All bartenders and servers will be required to complete a training course before they can serve alcohol in South Carolina under legislation that is headed for the state Senate floor.
The proposal which passed the Senate Judiciary Committee on Tuesday would require servers be trained on how to recognize problem drinkers and the potential liability their establishments face if that individual later gets into a DUI-related crash. The legislation is nicknamed “Alli’s Law” after an Upstate teen killed in a drunk driving collision.
Right now, South Carolina only makes training mandatory if the business is cited for alcohol violations.

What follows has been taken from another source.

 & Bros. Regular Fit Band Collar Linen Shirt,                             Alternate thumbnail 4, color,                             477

However, the South Carolina Restaurant and Lodging Association’s director John Durst has said most bars already require the training for their servers.
“The people that aren’t doing this already are the people this is going to hurt,” said the bill’s co-sponsor State Sen. Stephen Goldfinch, R-Georgetown, said.

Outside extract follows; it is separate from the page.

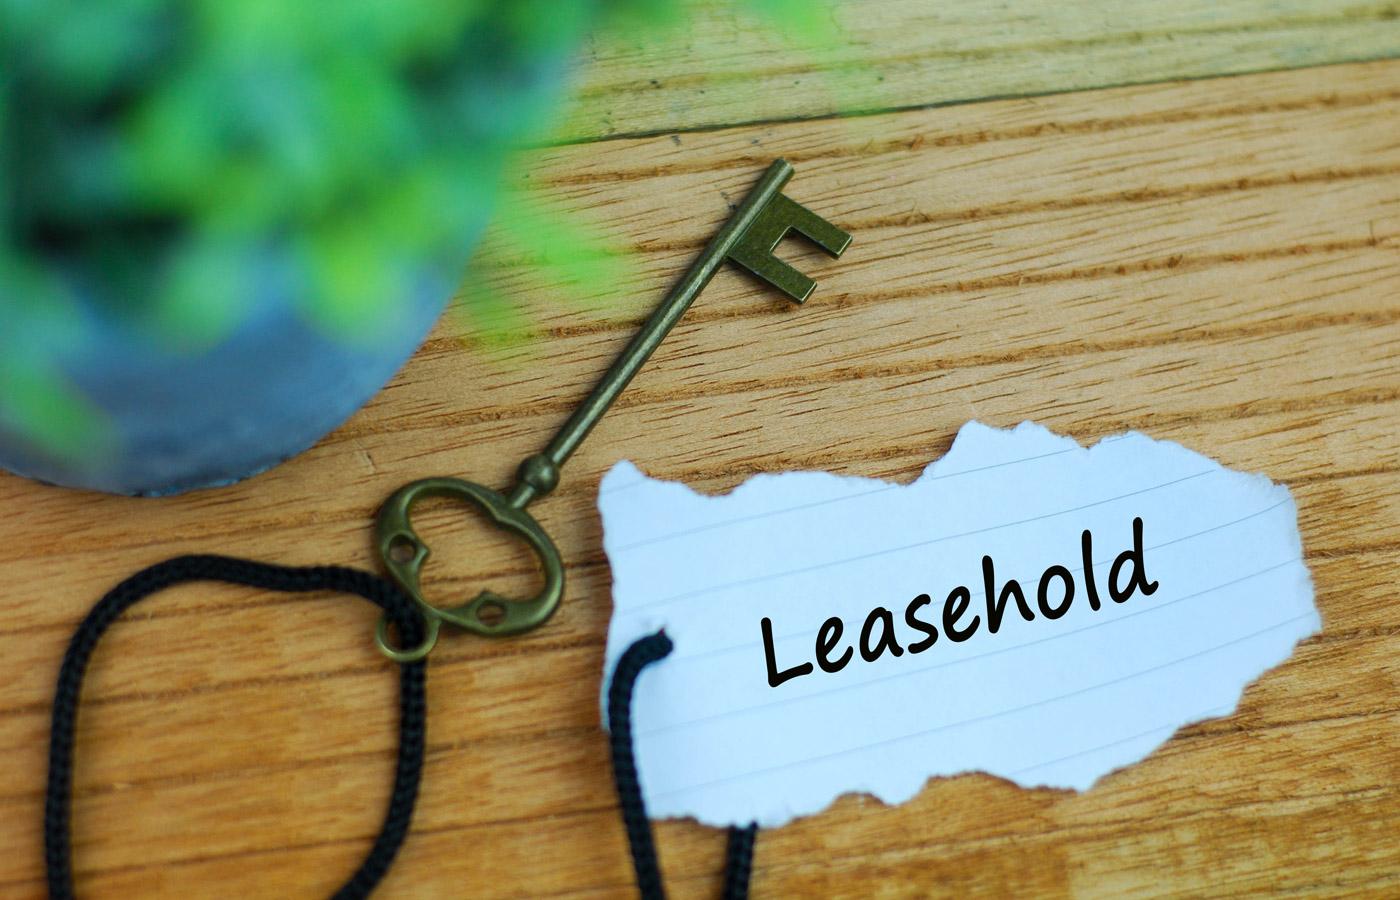 Buying leasehold property

The measure passed 17-2, after opponents raised concerns about whether the bill is necessary or if restaurants and bars should simply require the training out of their own best interests.

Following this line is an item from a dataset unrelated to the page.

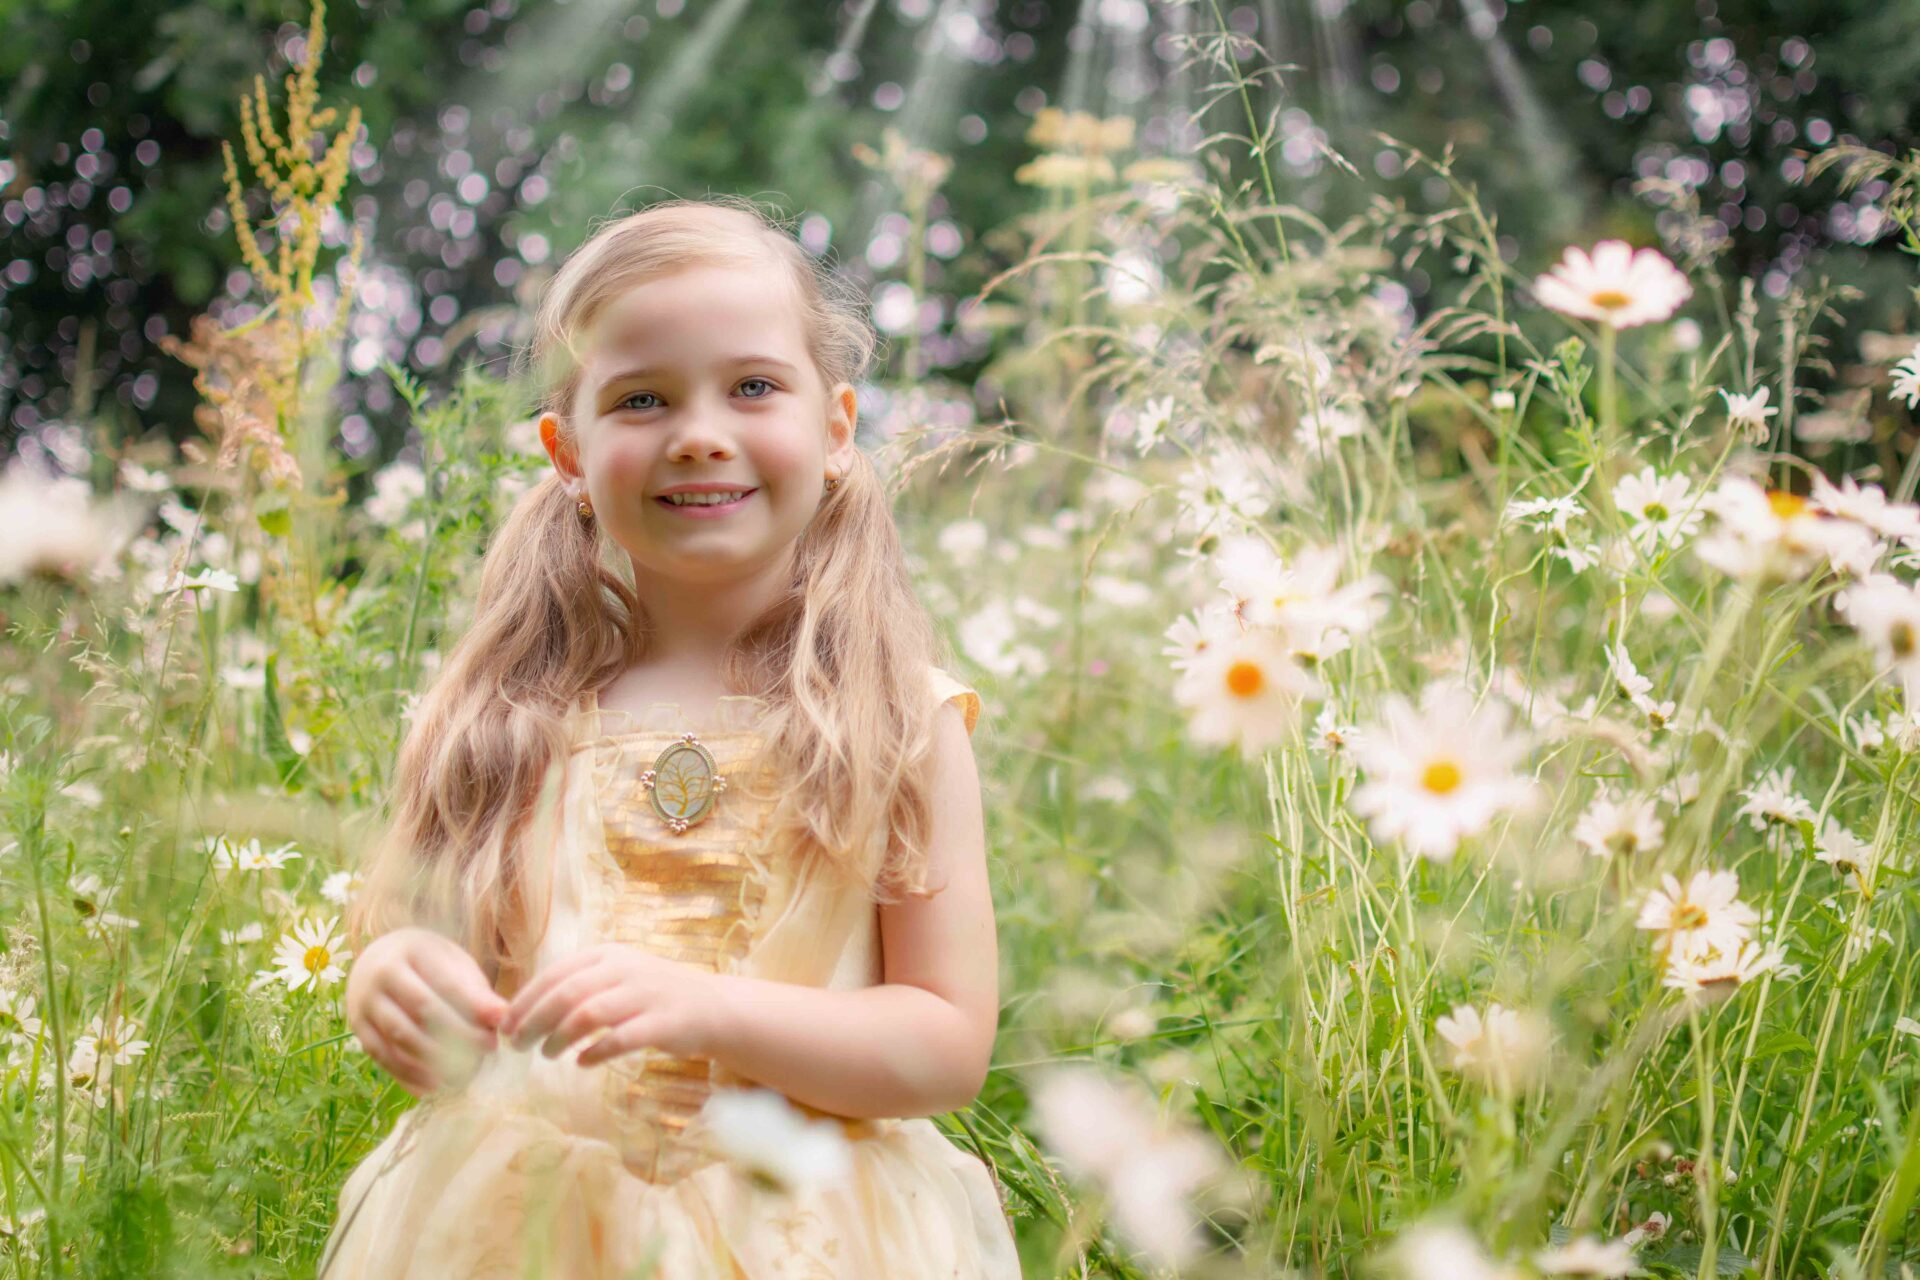 fairytale-photography-in-burton-on-trent-staffordshire

“Are we trying to regulate ourselves into a situation where we make it harder for people to transact business,” said State Sen. Gerald Malloy, D-Darlington. “I’m starting to sound like I’m on the other side now,” he said in a joking reference to Republicans’ usual skepticism for tougher business regulations.
Under the bill, South Carolina’s Department of Alcohol and Other Drug Abuse Services would contract with a provider that would offer the “Alcohol Server Certificate” courses. The courses could not cost more than $50 per individual.